El temor de que pudieran estas máquinas super-inteligentes hacernos daño también lo anticipó Asimov y planteó un grupo de tres principios, a manera de ética robótica y que, palabras, palabras menos, dicen: 1 Ningún robot podrá dañar a un humano. 2 Ningún robot podrá dejar que un humano sufra daño por su inacción, y 3 Todo robot protegerá su propia integridad, a menos que entre en conflicto con las dos leyes anteriores. De cualquier manera, no deja de preocuparnos que las máquinas con inteligencia artificial encuentren un camino y justificación para tomar el control, o dañarnos, inclusive al punto de la extinción.
Esto nos lleva a considerar, así sea someramente, la cuestión de la inteligencia. Dejamos de lado lo artificial, pues ya queda claro que la inteligencia es originalmente un atributo biológico, propia de seres relativamente complejos; sin embargo, los humanos hemos creado la segunda división al dotar máquinas con potencial inteligente para enfrentar diversos problemas, desde simples, hasta muy complicados.
De un modo u otro, la inteligencia tiene que ver, en primer lugar, con la complejidad. Es decir, pensamos que para que una entidad, biológica o artificial, sea inteligente requiere un número mínimo de componentes, neuronas o chips, capaces de interactuar integrando una red neuronal –o de chips-. El intercambio de estímulos –eléctricos, tanto entre neuronas, como entre chips-, se produce cuando los componentes del sistema manipulan, comparten y modifican estos impulsos que se convierten en información, es decir, de algún modo reflejan el mundo exterior e interior complementario al cerebro inteligente.
Inicialmente los impulsos eléctricos se originan en cambios medio-ambientales, que a su vez provocan modificaciones en receptores sensoriales que ahora introducen información al cerebro, sea por nervios, o por cables, su equivalente. El mismo complejo que soporta al cerebro genera otros impulsos que retroalimentan al sistema entero. Así es posible recibir información del exterior (luz, calor, daño, etc.) y del interior (situación de parámetros que responden al exterior, como frecuencia de latidos o pulsos eléctricos, temperatura interna, cantidad de refrigerante en circulación, acúmulo de desechos, etc.).

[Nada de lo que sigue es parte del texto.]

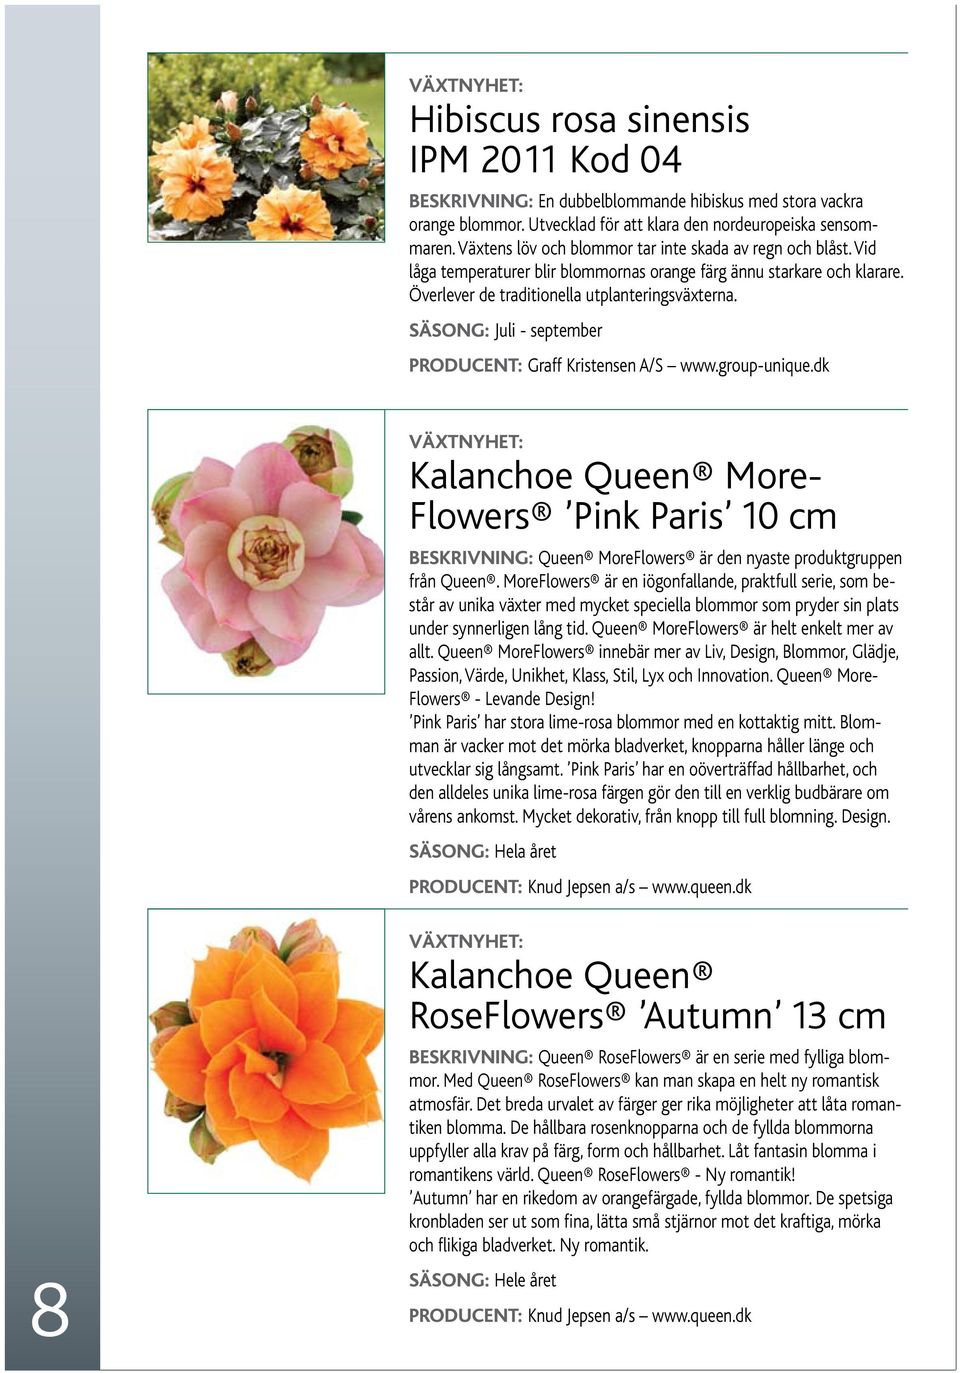 Säsong: Juli - september Producent: Graff Kristensen A/S www.group-unique.dk Kalanchoe Queen More- Flowers Pink Paris 10 cm Beskrivning: Queen MoreFlowers är den nyaste produktgruppen från Queen.

El medio ambiente está variando continuamente y esta información entra al sistema inteligente y eventualmente es transmitida hasta el órgano central de procesamiento –cerebrodonde se distribuye la información entre diferentes núcleos, que a su vez responden de modos diferentes. La conjunción de información de estos núcleos da lugar al “procesamiento” de la información, donde se va acentuando la necesidad de tener estructuras complejas que puedan conjuntar y mezclar muchos datos. Entre más información pueda captar el sistema y luego “procesarla”, más inteligente será este, pero necesitará más componentes e interconexiones: cerebros más grandes, con mayor densidad de neuronas/chips y cableado más abundante.
Pero la complejidad del cerebro, biológico es un recurso con limitaciones, requiere mayores cantidades de energía, espacio de crecimiento y recursos de protección y mantenimiento. El cerebro humano contiene una cantidad asombrosa de neuronas: cien mil millones, más otras células de apoyo complejo, lo que equivale a decir que un cerebro humano tiene tantas neuronas como estrellas tiene una galaxia, todo compactado dentro de la cavidad craneal. Con los cerebros artificiales aún podemos seguir expandiendo su tamaño hasta ocupar edificios enteros si se quiere, pero además, los podemos intercomunicar, vía cables, o de manera inalámbrica y entonces varios cerebros pueden actuar como grandes módulos interconectados, sumando recursos.
Los humanos no podemos interconectarnos tan fácilmente, a pesar de los grandes avances en telecomunicaciones, ni somos tan rápidos que podamos abarcar miles de páginas de texto con una ojeada (de ojo). Nos lleva mucho tiempo leer un solo libro y las computadoras se transmiten la información a velocidades espeluznantes que ni siquiera podemos imaginar bien: cualquier magnitud por abajo de medio segundo ya es difícil de apreciar, por eso las carreras, por ejemplo, se ponderan con cámaras (photo finish) y cronómetros.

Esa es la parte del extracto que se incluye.